The Only Possible Compromise

New-York Daily Tribune, January 19, 1861

The proposition discussed in THE TRIBUNE a few days ago, that Congress should purchase and emancipate the slaves in the Border Slave States has already attracted considerable attention, and meets with much favor from all but the fanatical devotees of Slavery in the North, who, like Charles O'Conor, consider the institution a divine blessing, and would be glad to re-introduce it into the Free States. A resolution in favor of gradual compensated emancipation in the Border States and of colonizing the negroes in Liberia, was yesterday offered in the NewYork Assembly, and referred to the Committee on Federal Relations.

The facts are briefly these: In the States of Delaware, Maryland, Missouri, Arkansas, Texas, and Louisiana there are about 600,000 slaves, and more than four times as many whites. Last week a gang of twenty-four cotton and plantation negroes were sold at auction in Charleston for an average of $437. The price of slaves, it is well known, is not so high in most of the States we have named as in South Carolina. Taking into account the old, and the feeble, the women and the children, it is evident that the average worth of negroes cannot be more than $400, and is probably much less. The sum of $240,000,000 would, therefore, be an ample compensation for the liberation of all the slaves in the States we have named.

It is not necessary, however, to contemplate their immediate, unconditional emancipation. Whatever scheme may be adopted, should conform in a measure to the wishes of the States immediately concerned; that is to say, such of them as may see fit to accept an offer by Congress to pay for the slaves. Delaware, for instance, which has already upward of 18,000 free blacks, could have no serious objection to allowing her two thousand slaves to remain after emancipation as free laborers. Louisiana, on the other hand, with more slaves than whites, might prefer to have them gradually emancipated and removed to Central America, or to Hayti or Jamaica, where they would be gladly welcomed. By an organized system of transportation their removal to those countries could be effected with comparatively little difficulty or expense.
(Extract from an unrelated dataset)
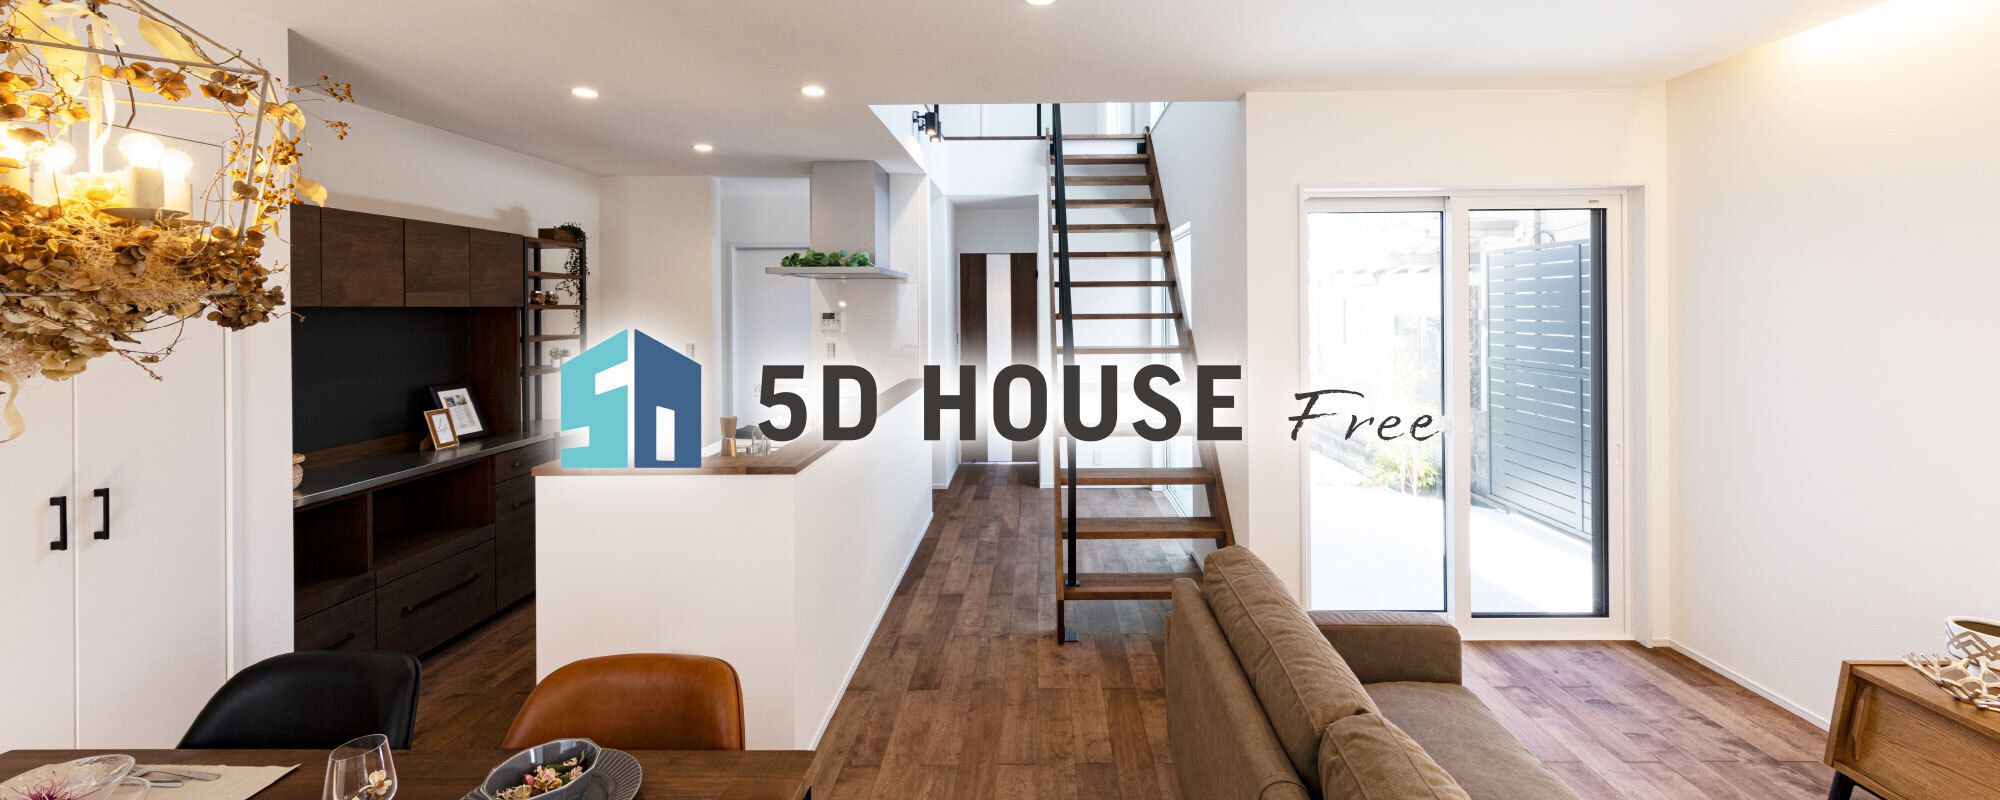 5D HOUSE Free こだわりの暮らしを求めるあなたへ。

Some definite period, not very remote, say 1876, the Centennial Anniversary of the Declaration of Independence, could be fixed upon as the date of final emancipation; Congress, in the meantime, buying and removing those whom their owners were willing to emancipate at once for a compensation fixed by capable and impartial Commissioners.

The arguments in favor of this scheme are that it offers a peaceful solution of the troubles which now agitate the country; that it would check the increase of Slavery, and in time rid us of an odious and formidable evil, the ultimate result of which, if some remedy be not soon applied, will be to Africanize one-half of the continent; and lastly, that it would add largely to the general wealth and prosperity of the nation by the immense rise in value and in profitableness of real estate in the South. For Delaware, Maryland, Missouri, and Texas, emancipation, with the aid of the Federal Government, is not nearly so great an undertaking as was the abolition of Slavery in New-York, New-Jersey, and Pennsylvania, which was effected by those States without any assistance from any quarter.

To the nation at large, and especially to the Free States, the money this project would cost would be no objection. One year of war would cost as much or more. The purchase of Cuba, on the terms proposed by Mr. Buchanan, would have required as large a sum. The nation has at hand an obvious and available resource to carry out the financial part of the measure in the public lands, whose value at the lowest estimate cannot fail to be more by several hundreds of millions of dollars than that of all the slaves in the States north of the Potomac and west of the Mississippi.